Insurtechs are winning the race with legacy system companies

Tom Allen, Founder, The AI Jou...
3 min
Insurance has long been due an overhaul. The AI Journal’s founder Tom Allen explains how innovative insurtechs are changing the incumbent narative

Nestled in its own place within the world of financial services, insurance is arguably more unpopular than retail banking.

That’s hardly surprising given that, from a customer service perspective, insurance is something of an off-kilter transaction. You pay a sizable premium in exchange for a service you hope you will never have to use. This image problem is exacerbated by ubiquitous tales of insurers not paying out when it is time to make a claim.

The insurance sector has long been due to an overhaul, and this is where the disruptive force of insurtech comes in - one of fintech’s most upwardly mobile subcategories. Accordingly, last year, insurtech in the UK alone attracted £262m in investment, a growth of 60% on 2019, according to Tech Nation. Insurtech’s momentous growth has been captured in a new report by The AI Journal exploring this burgeoning sector. 

What exactly is insurtech?

Put simply, insurtech refers to technological innovations that seek to make insurance cheaper to buy and more efficient to use. In a similar vein to fintech, the large, established institutions have been dipping their toes into insurtech, but it’s the disruptors who are genuinely looking to shake up the status quo, diving into and exploiting those areas that traditionalists have little imperative to explore.

Examples are price comparison sites (one of the earliest forms of insurtech that was eventually snapped up by the insurers it initially sought to disrupt), claims software, customisable policies, or even smart-tech-enabled dynamic policies whose premiums can fluctuate depending on changing circumstances.

The latter, for instance, could use someone’s fitness tracker or smartwatch to monitor fitness levels, thus reducing the premium of a life insurance policy; or track a GPS system that records the location of a car and assesses risk levels accordingly.

Most consumers tend to shop around for their insurance needs and perhaps end up buying their contents insurance with one provider, their car insurance with someone else, and their pet insurance with yet another underwriter. Managing all these different policies, with their varying renewal dates and payment terms can be complex. This has led to the increase in apps that pull everything together.

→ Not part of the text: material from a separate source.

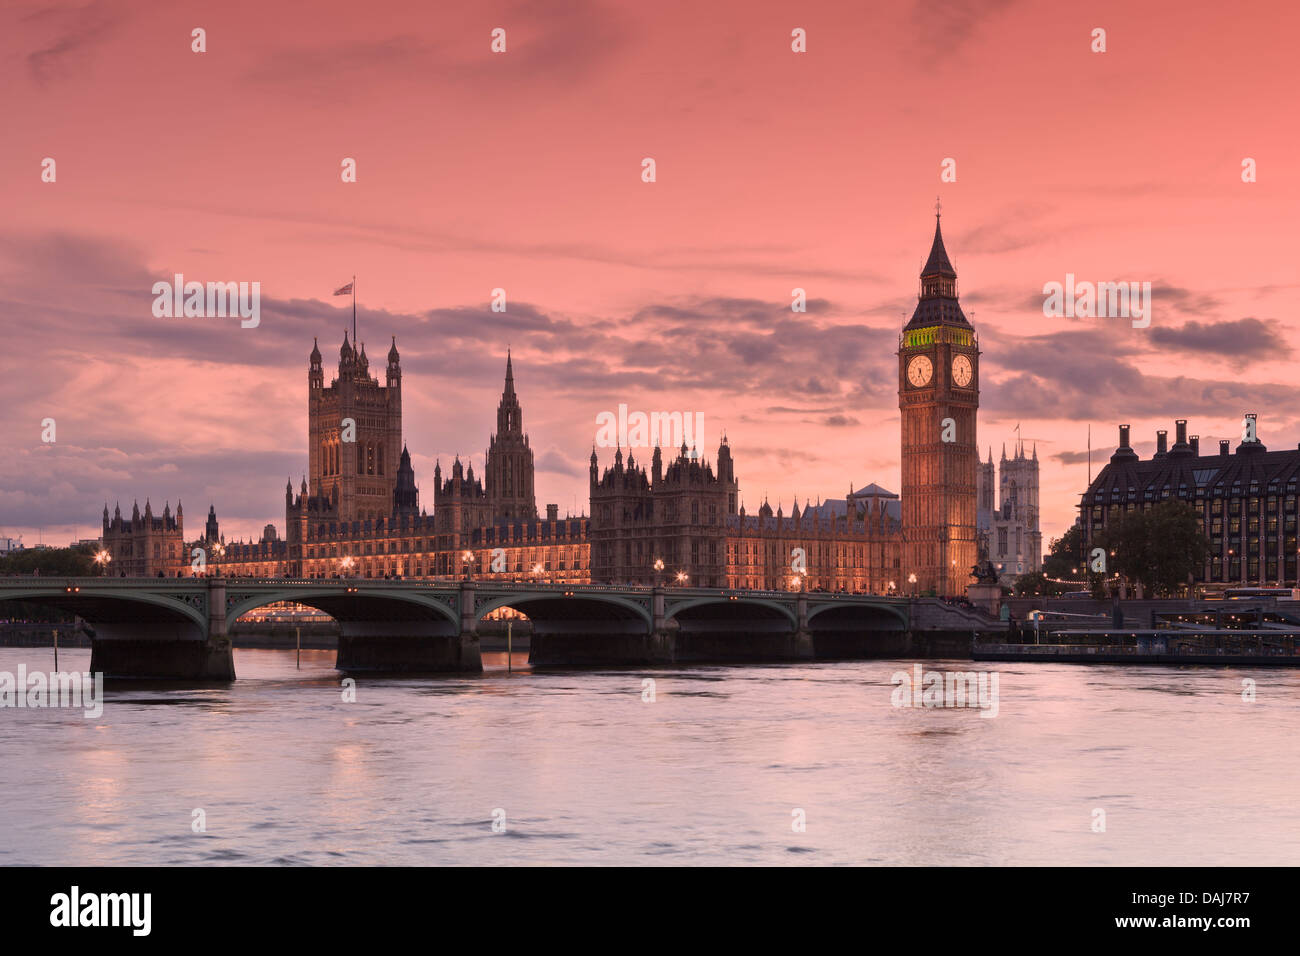 The houses of parliament at night, London, UK Stock Photo

More prosaically, insurtechs are developing AI that uses machine learning to act as an insurance broker, eliminating the need for a human intermediary and therefore offering more cost-effective and impartial advice.

Insurtechs and risk

But there are some obstacles in the way of insurtech’s continued evolution.

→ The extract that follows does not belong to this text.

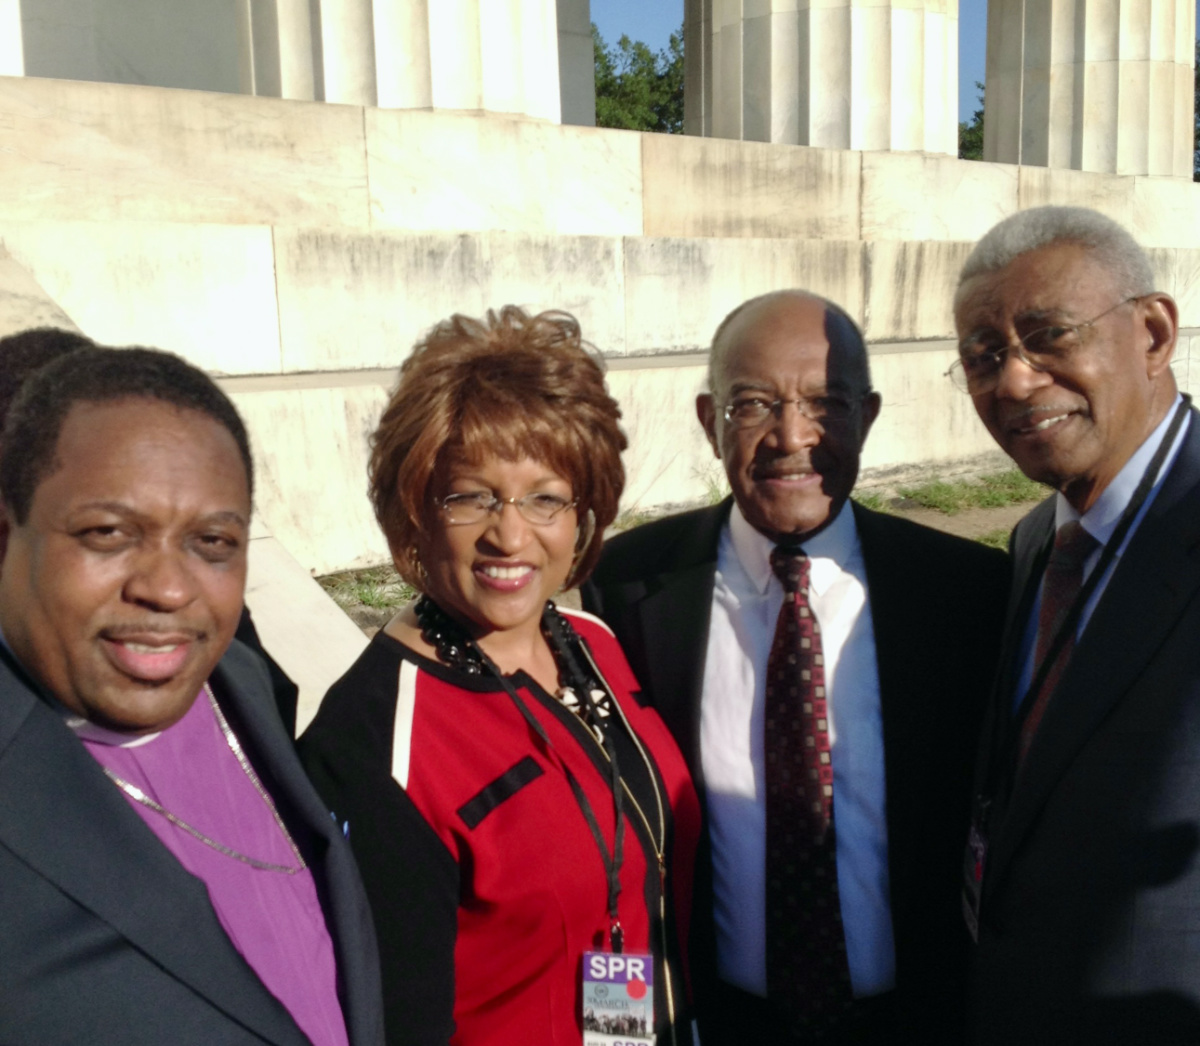 African Methodist Episcopal Zion Bishop W Darin Moore, from left, Bishop Vashti McKenzie, Rev James Forbes and Rev Otis Moss Jr pose together during a 50th anniversary celebration of the March on Washington in August 2013

Insurance companies are averse to risk. Understandably so, as at the crux of the industry is the role of the actuary, whose job it is to analyse and measure the probability and risk of future events. So it’s little wonder that there’s a reluctance among the traditional players to welcome the disruption that insurtech brings.

Insurance is heavily regulated, a minefield of legality and labyrinthine jurisdiction, which means the idea of shaking it up can be anathema. And why would they, when their old-school business models are working perfectly fine?

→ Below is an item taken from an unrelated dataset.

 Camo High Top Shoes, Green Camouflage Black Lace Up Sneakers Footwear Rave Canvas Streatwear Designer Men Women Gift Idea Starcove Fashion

There’s an understandable nervousness and unwillingness to work with startups, who themselves need to work with the bigger firms in order to underwrite risk.

While it seems like a catch-22 situation, there is growing, if cautious, interest from insurance companies, who can see the benefits of insurance with a friendlier face, innovative solutions, and a competitive edge through differentiation. As that tentativeness dissipates, the growth of insurtech will gather even more momentum.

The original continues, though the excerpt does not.